Here is an English translation of a column I co-write with Rep. Jim McGovern (D-Massachusetts), suggesting some next steps for resolving both Colombia’s hostage crisis and the ongoing tensions with Venezuela. It appears in today’s edition of the Colombian newspaper El Tiempo.
The Path to Peace in the Andes Is Through a Humanitarian Exchange
By Rep. Jim McGovern (D-Massachusetts) and Adam Isacson, Center for International Policy
Published in El Tiempo (Colombia), March 16, 2008
Colombia, Ecuador and Venezuela moved quickly back from the brink of war last week. While the saber-rattling has died down, tensions remain high. The South American neighbors may find that the best exit from this dilemma leads back through the way they came in: via the effort to win freedom for the FARC’s hostages.

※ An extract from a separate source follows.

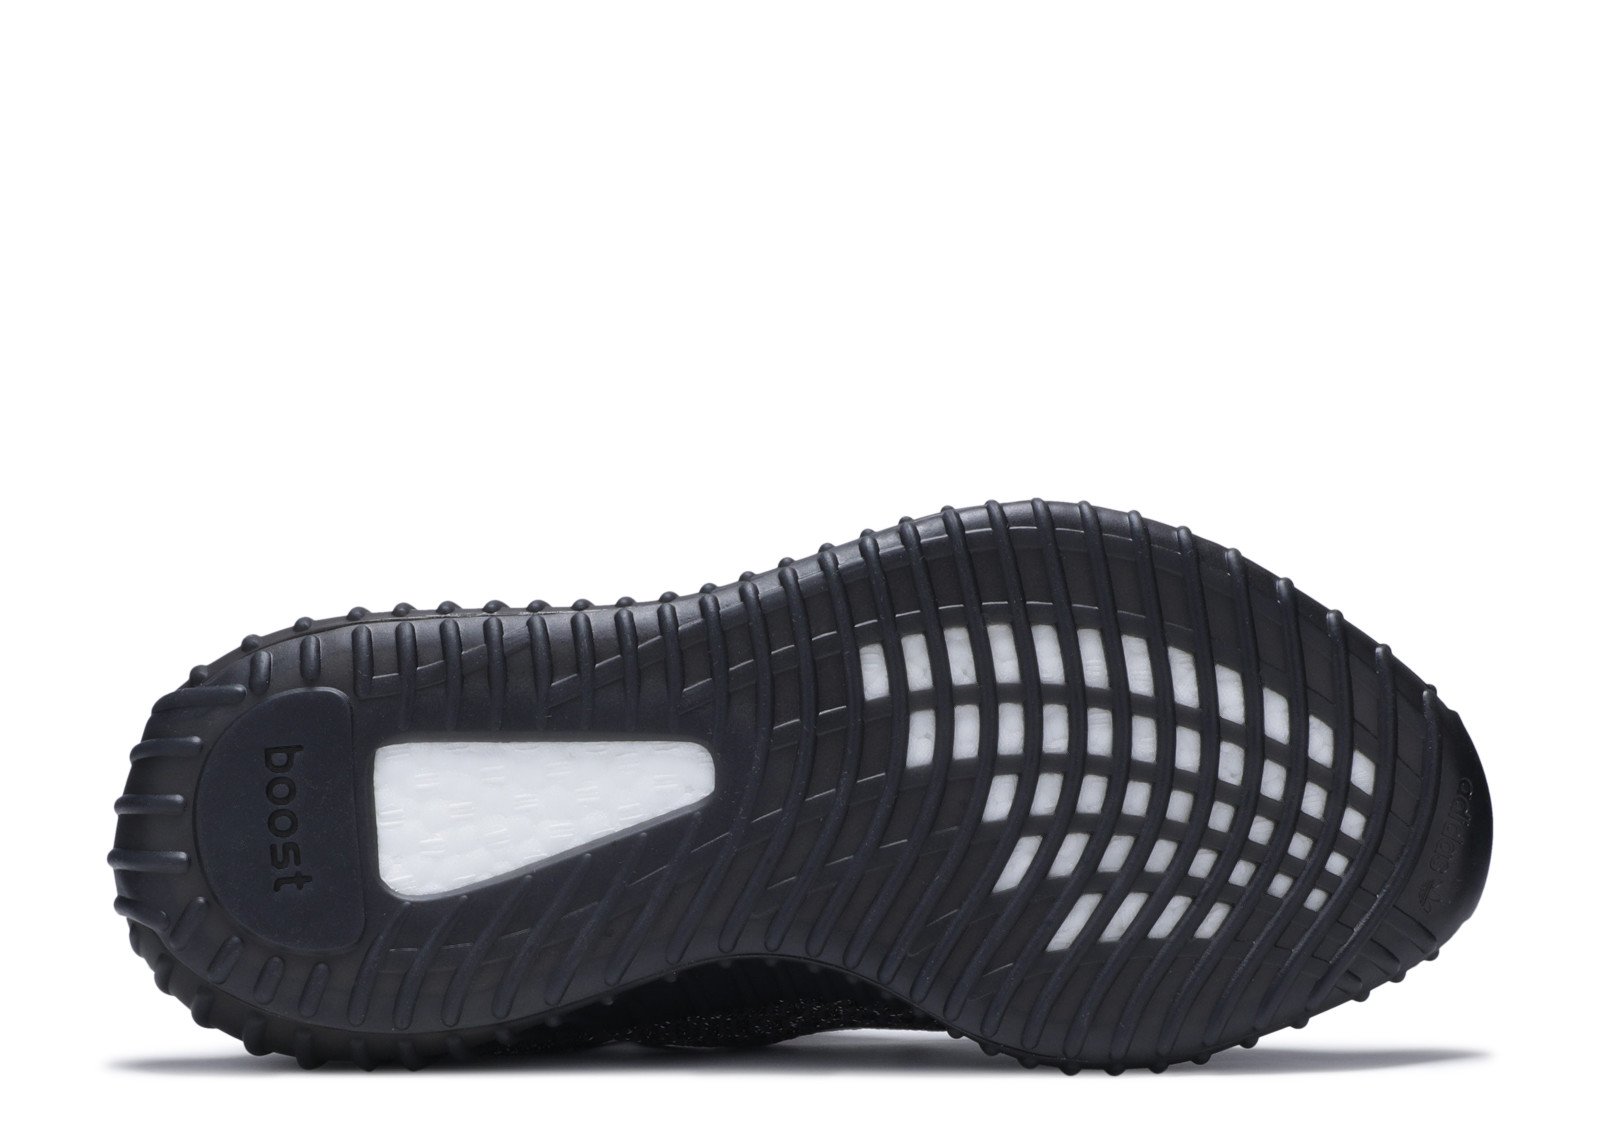 Adidas Yeezy Boost 350 V2 Static Black Reflective

Amid the threats and accusations of Venezuelan support for the guerrillas, the cruel fact remains that forty people – including [Delete: the] three Americans and French-Colombian politician Ingrid Betancourt – continue to languish in jungle camps with little hope of freedom.
President Ãlvaro Uribe’s abrupt cancellation of Hugo Chávez’s facilitating role triggered a tailspin in Colombian-Venezuelan relations. The two leaders began a war of words that has escalated for nearly four months now. In January, Chávez’s speeches began to include praise for the FARC, further inflaming Colombian public opinon.
Amid all of this, Chavez and Senator Piedad Cordoba managed to convince the guerrillas to release six of its hostages unilaterally. But forty more await. Many are ill and desperate to be reunited with their loved ones.
The prisoner-exchange talks are badly stuck. Not only because of the Colombia-Venezuela spat, but because there is nobody to talk to.
An interlocutor is desperately needed to get things moving, to make quiet conversations possible. Some go-between, acceptable to both sides, who can quickly relay messages and propose compromise solutions.
It may be that both sides have some flexibility on the venue for talks. There may be “wiggle room” on issues like the size of the “security zone,” the presence of international observers, or who gets to carry what kind of weapons where. Both sides, meanwhile, have yet to make clear exactly what needs to be discussed and decided in this zone, and what can be ironed out beforehand.
With no interlocutor, there is no way to have a quiet dialogue about these questions. Instead, proposals get made in public forums like press conferences, and responded to in kind, usually rejected out of hand.
Right now, the FARC are talking only to the Venezuelan government, to the near-total exclusion of other interlocutors. The Colombian government rejects Venezuelan participation on future talks, because of the growing enmity with Chávez and a belief that Chávez is not an honest broker.
The facilitator must be acceptable to the Colombian government. Yet Venezuela cannot be shut out either.